HSBC has reduced its US-based debt capital markets (DCM) team by 10%, continuing its cost-cutting efforts following a major business overhaul announced last October, according to sources familiar with the matter.

At least six employees in New York were let go on Thursday, including one managing director, two directors, two associates, and one analyst, the sources said.

HSBC cuts 10% of US debt capital markets team amid overhaul

The cuts are part of a wider cost-reduction programme implemented by CEO Georges Elhedery, who aims to streamline management layers and reduce employee costs by 8%, targeting total savings of US$1.8 billion (RM7.03 billion). Since taking over in 2024, Elhedery has merged HSBC’s commercial and investment banking units and reorganised operations in the UK and Hong Kong into standalone businesses. The bank has also scaled back on M&A and equity capital markets activities in the UK, Europe, and the US, shifting its focus to Asia and the Middle East.
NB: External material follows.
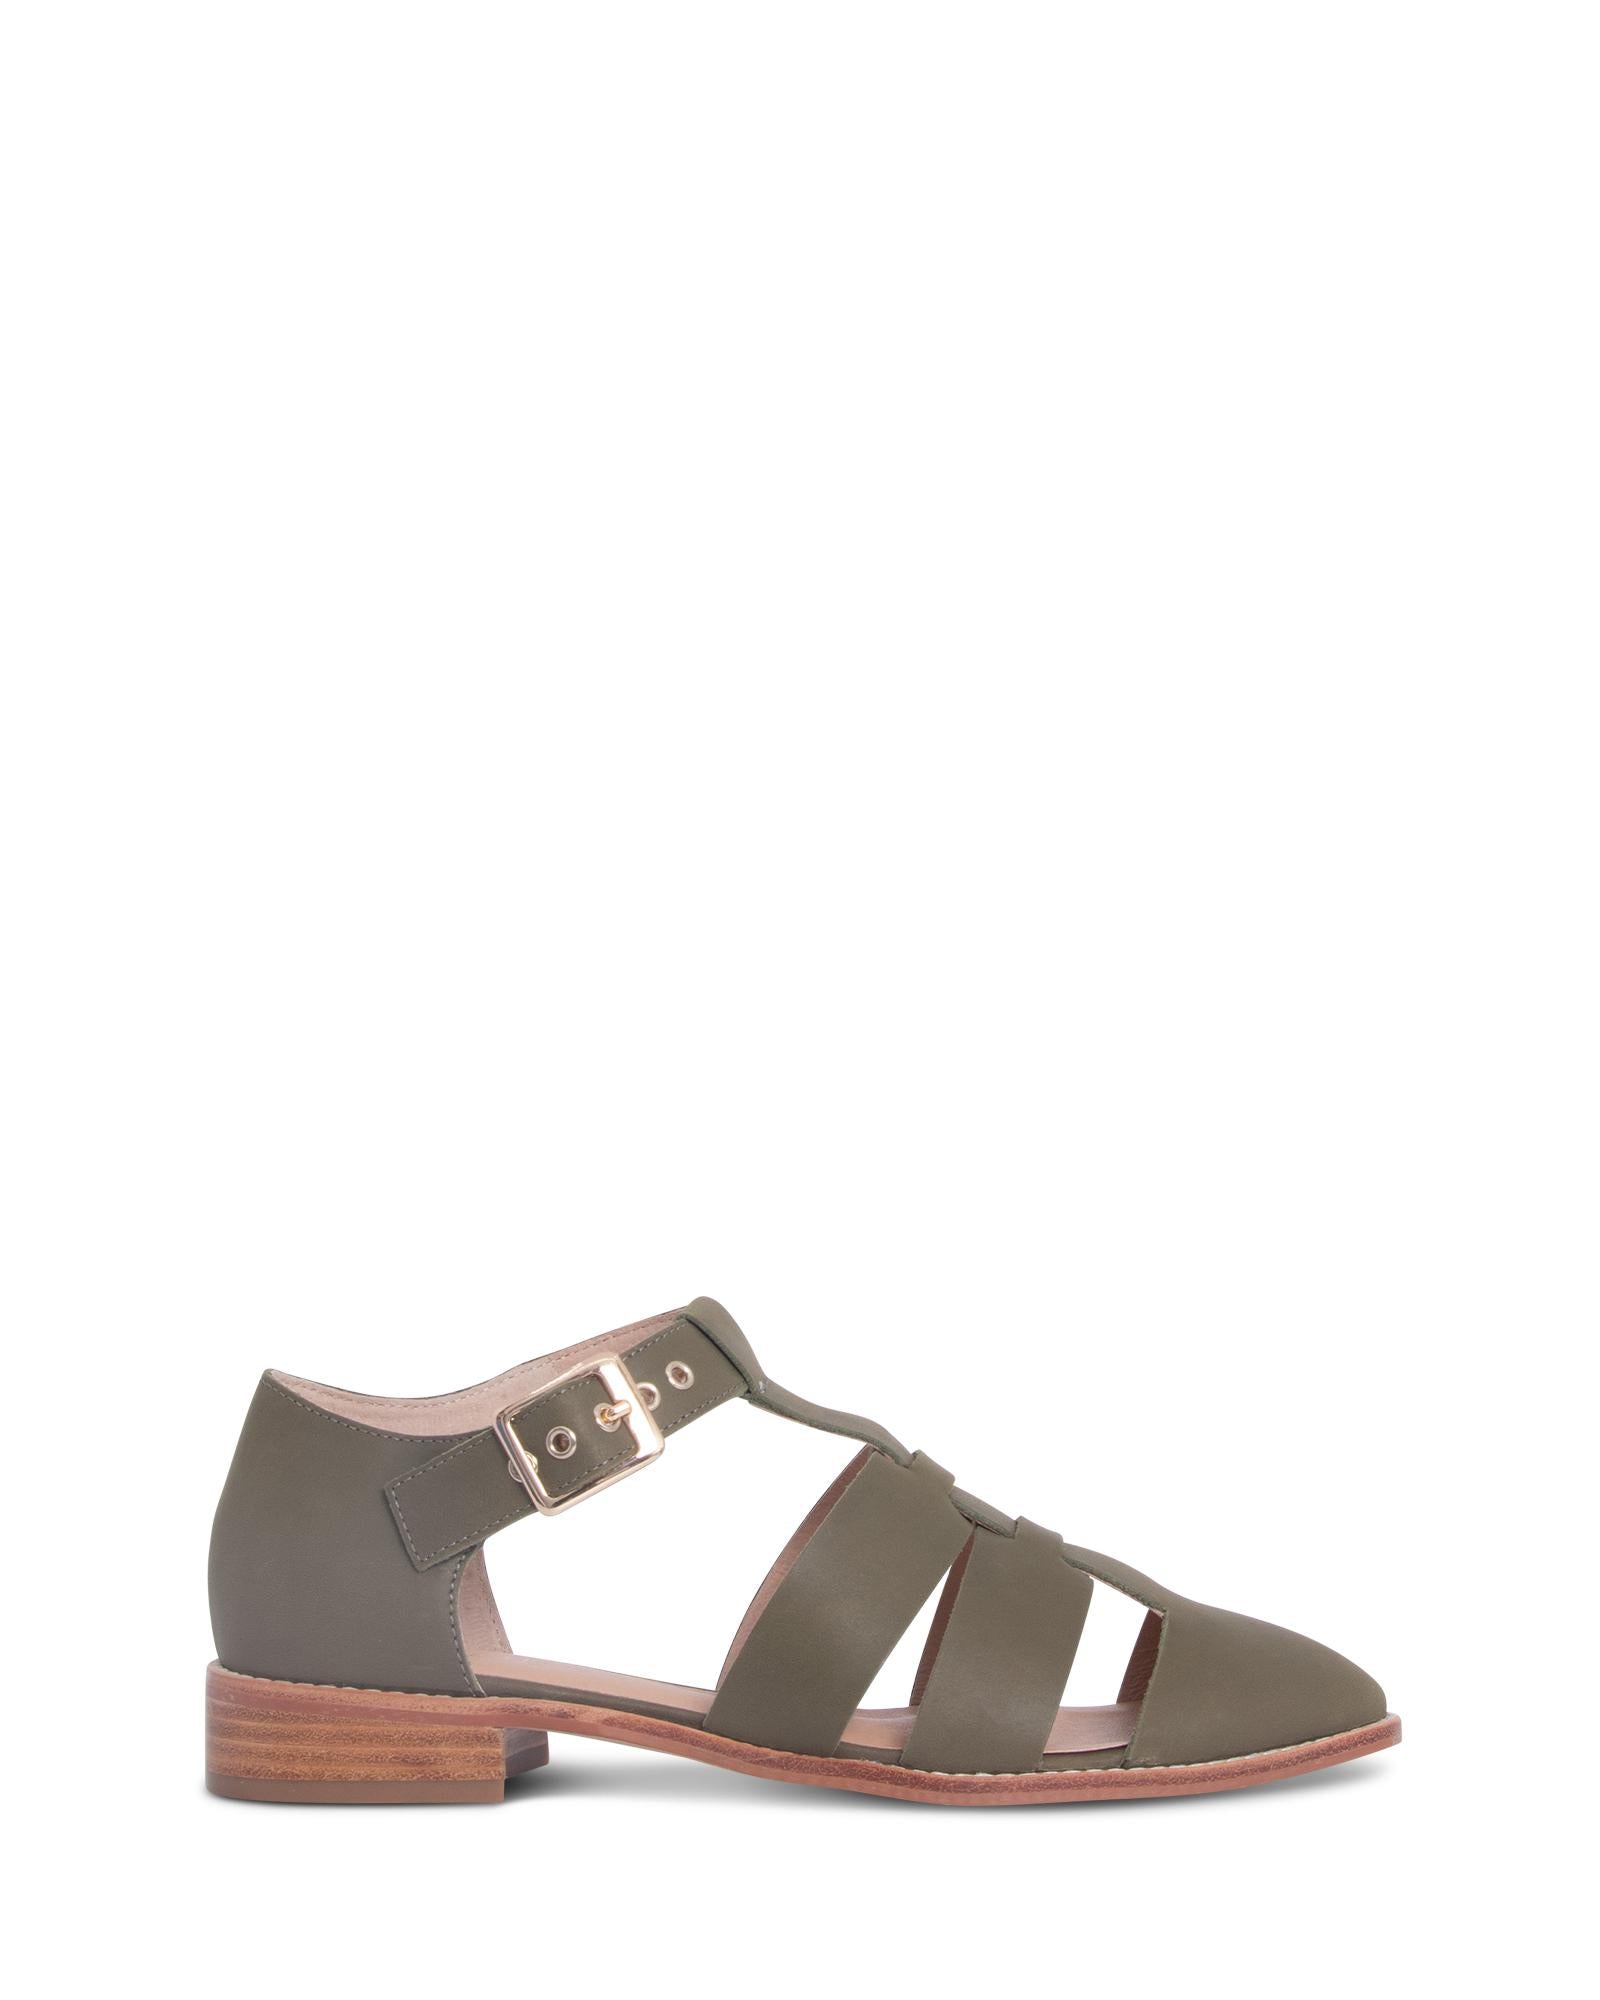 Cecilia Khaki 2.5cm Sandal with Almond Toe and Adjustable Ankle Strap

An HSBC spokesperson declined to comment on individual departures but emphasised the bank’s commitment to retaining talent and expressed pride in its DCM business.

HSBC is scheduled to report earnings on Wednesday, following strong fourth-quarter results from its US rivals. The bank has consistently ranked among the top 10 underwriters for US corporate debt over the past three years.